The initial version of Go was barebones, much like C, with no batteries included. However, after the original creators laid the foundation, other brilliant engineers and open-source contributors stepped in to build out what would become one of Go’s greatest strengths: its standard library.

This library is now famous for its comprehensive and magnificent design. It provides robust, production-ready packages for everything from networking and cryptography to text processing and concurrency. There are very few reasons to look outside the standard library for common tasks. While you certainly can use third-party packages, the reality is that almost everything you need is already built into the language.

“Now I write in Go almost exclusively,” Thompson noted, “and almost exclusively I use nothing but the standard libraries.”

Simplicity and Speed

One of Go’s defining features is its simplicity. It is arguably one of the easiest modern languages to learn, perhaps rivaled only by Python in its accessibility. You can grasp the fundamentals in an hour.

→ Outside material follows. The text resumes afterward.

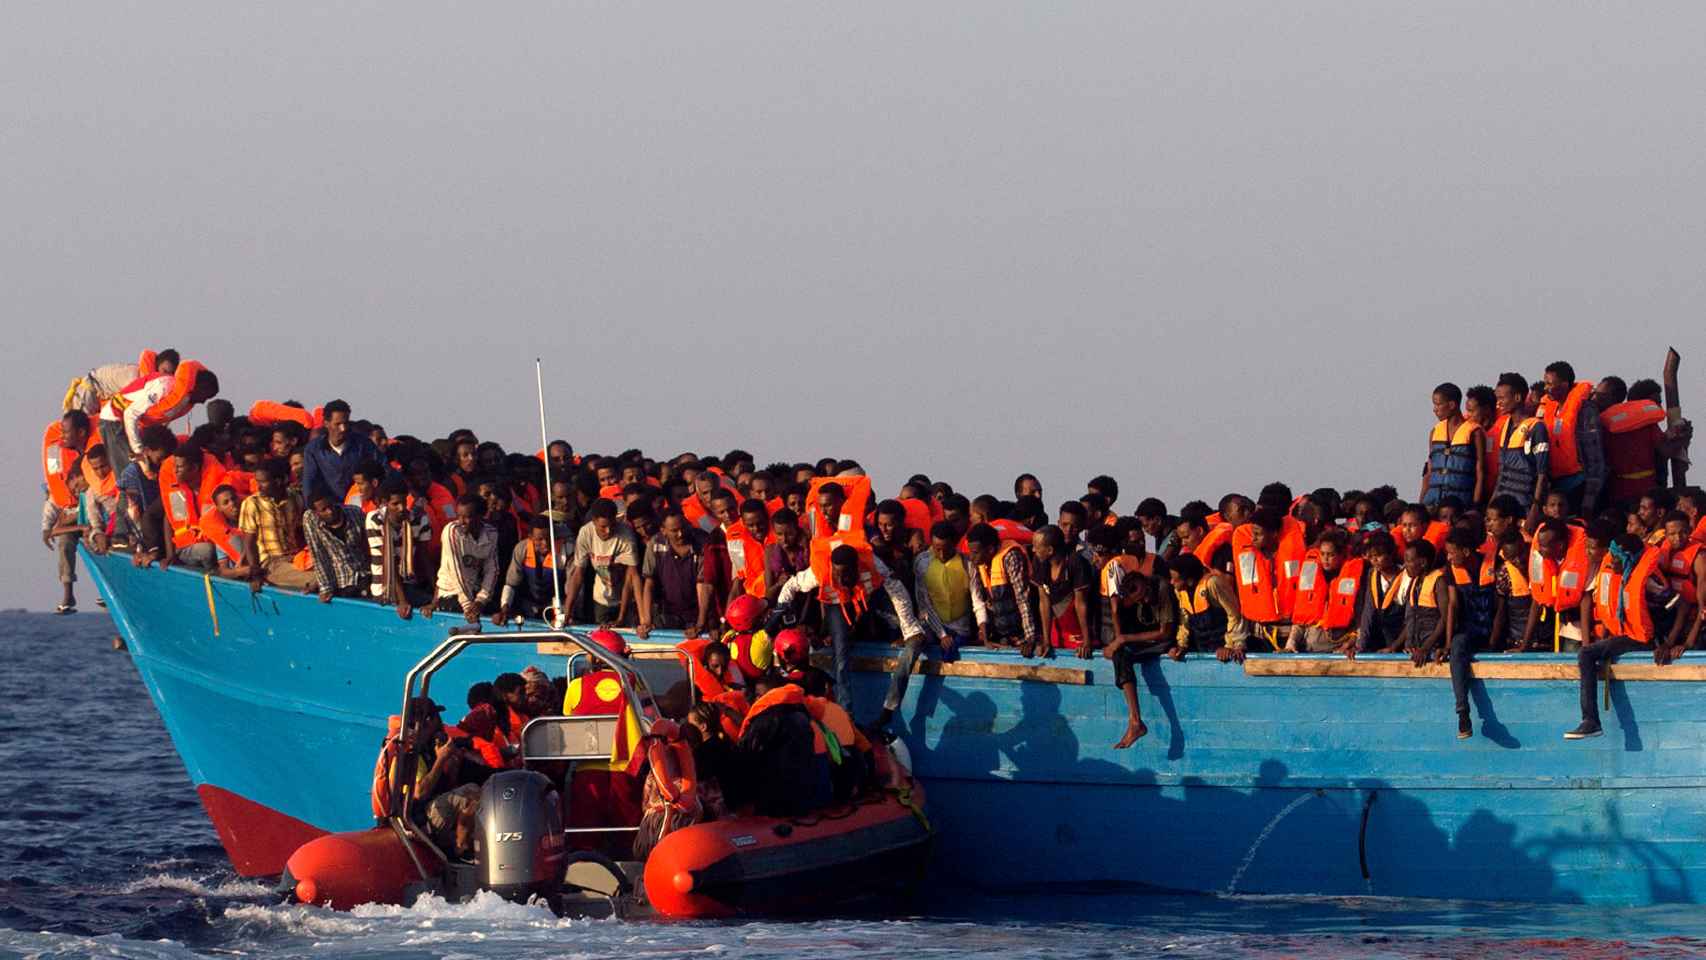 En la barca de madera viajaban entre 600 y 700 personas según MSF.

The learning experience is often interactive. Many online Go tutorials feature a terminal-like window where you can type code and see it execute instantly. As you type, the program runs and provides the answer, creating a tight feedback loop that accelerates learning.

package main

import "fmt"

// A simple function to illustrate Go's syntax.
func getGreeting(name string) string {
    // Returns a personalized greeting.
    return fmt.Sprintf("Hello, %s! Welcome to Go.", name)
}

func main() {
    // A simple 10-line program can be powerful in Go.
    // This demonstrates the ease of use.
    users := []string{"Alice", "Bob", "Charlie"}
    for _, user := range users {
        message := getGreeting(user)
        fmt.Println(message)
    }
}

The story of Go is a fascinating look into the minds of brilliant engineers. It evolved from a practical solution to a real-world problem at Google, and through collaboration, it became a powerful, accessible language for the entire world. It stands as a testament to the idea that sometimes, the best way to fix a complex problem is to start over with a simple, elegant solution.